TABLE-US-00004 TABLE E4 (5 mm PET Strapping) Thick- Tensile Weld Width ness Weight Void Strength Strength Weld (mm) (mm) (g/m) Volume % (KgF) (KgF) Eff. 4.93 0.36 2.07 0.14206 58.23 31.15 0.53 4.88 0.36 2.04 0.145823 57.61 40.33 0.70 4.91 0.37 2.06 0.166211 60.4 42.81 0.71 4.90 0.36 2.06 15.14% 58.75 38.10 64.79% 4.85 0.46 1.88 0.388738 31 28 0.90 4.89 0.45 1.87 0.384198 30 24 0.80 4.89 0.415 1.85 0.339404 40 33 0.83 4.88 0.44 1.87 37.08% 33.67 28.33 84.27%

[0068] As is visible from the above results, the greater void % of 37.08% of the latter three samples did not detract from the weld efficiency, but was rather improved as compared to the former three samples having a void % of 15.14%. All of the straps exhibited satisfactory tensile strength.

[0069] Consistent with the above testing protocols, in particular the use of an ultrasonic welder for providing the weld joining together of the respective straps (which of course, may be representative of the two ends of a continuous loop of a particular strap, used in bundling an array or plurality of discrete articles and keeping them bundled, due to the tension within the continuous loop formed as consequence of the ultrasonic welding step of these two ends) is believed due to the enhancement in the narrowed strap of E1, viz., the embossed PET strap having a preferred embossment pattern on at least one of the major faces of the PET strap, the mechanical properties of the embossed PET strap the PET being partially crystalline in nature, and the combination of the ultrasonic welding step used, now make possible the use of narrower PET straps than those previously thought in bundling applications of discrete articles.
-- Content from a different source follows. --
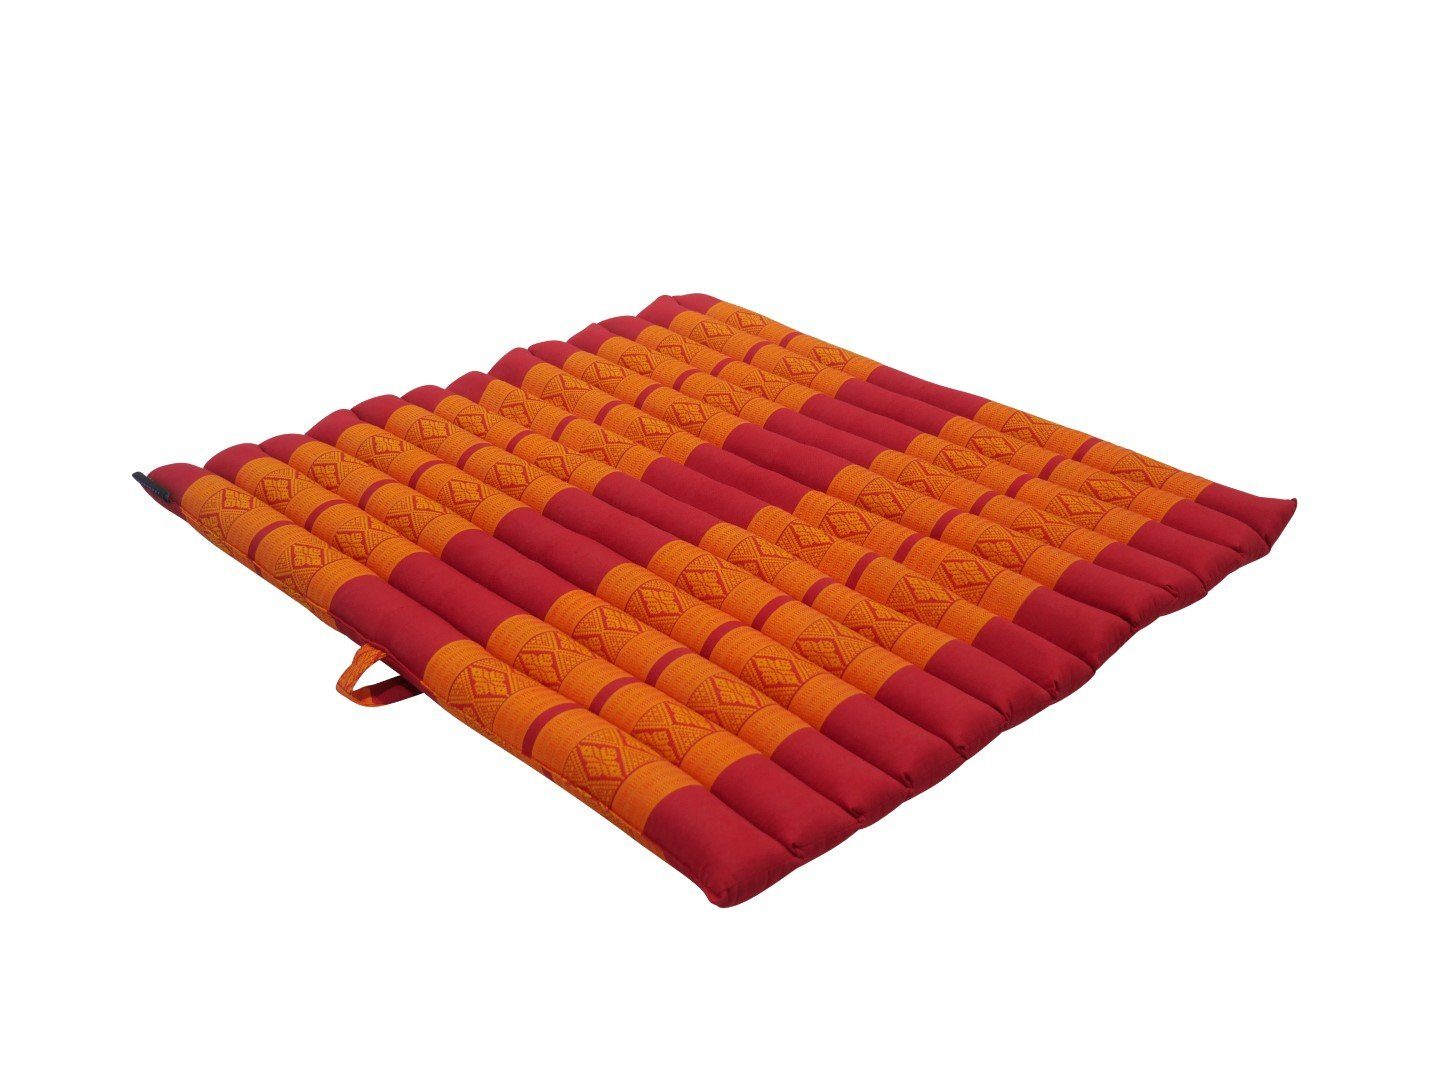 Yoga Meditationsmatte rollbar Hamam Muster Zabuton Yogakissen rot-orange, weich, orientalisches angenehm cm my unterstützend, 69x78x4.5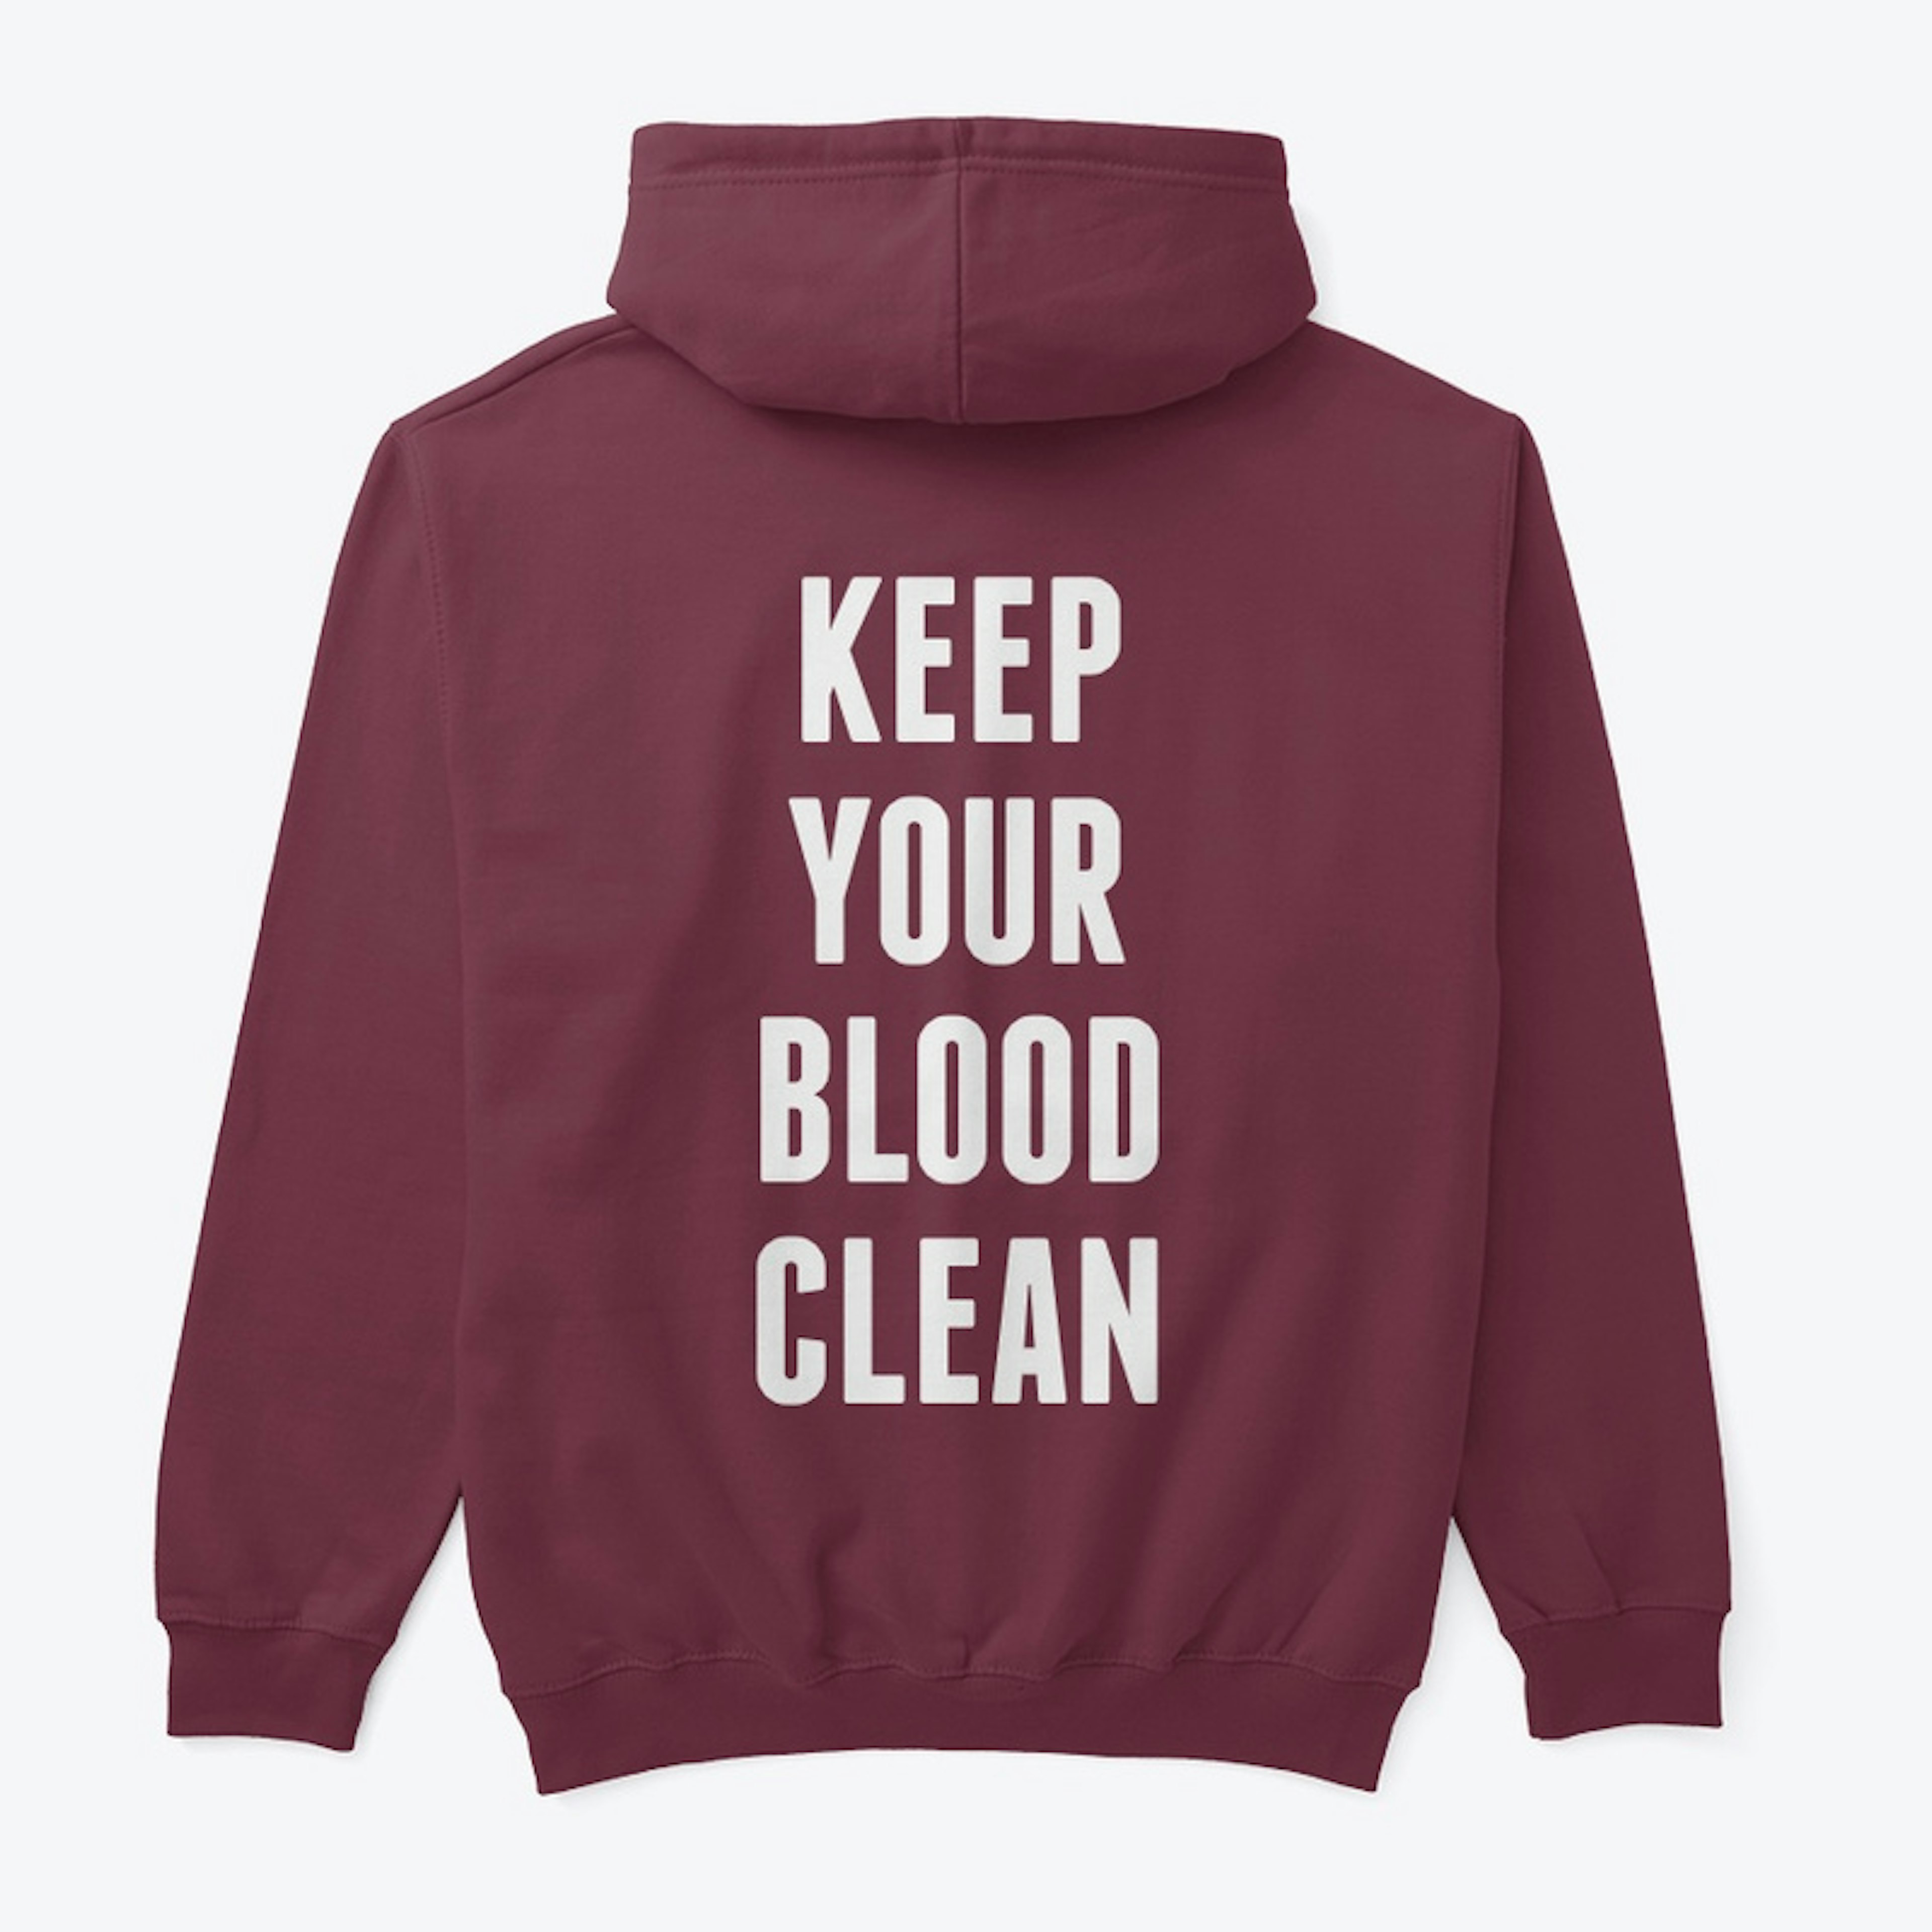 TSG X - Keep Your Blood Clean

This is in part also made possible by the use of ultrasonic welding in forming a continuous loop of the embossed PET strap, and the nature of energy transfer of ultrasonic welding, which induces frequency/oscillation in the region of the weld joint formed from overlapping straps, which contrasts with thermal and/or frictional welding which, on the relatively small mass of PET strap within the weld joint would induce molecular crystallization in the regions immediately adjacent to the weld joint, possibly within the region of the weld joint itself. Such would induce strap embrittlement along the weld, and cause the thermal and/or frictional welded joint to fail, particularly under the tensile condition to which the continuous loop of PET strap would be subjected in a conventional bundling operation. Surprisingly the present inventors have overcome such a shortcoming, and provide an unexpected but technically satisfactory solution wherein a narrow, embossed PET strap may be used. Such is unexpected from the prior art, which suggests only wider PET straps in such applications, and in particular wherein the continuous loop of PET strap formed from such wider PET straps were also welded utilizing a thermal and/or frictional welding step.

[0070] Again, the examples and embodiments disclosed herein and in the drawing figures (and photographs) are by way of illustration and not by way of limitation. Further embodiments of plastic strap, and processes for their production and use are also feasible in full within the present inventive scope.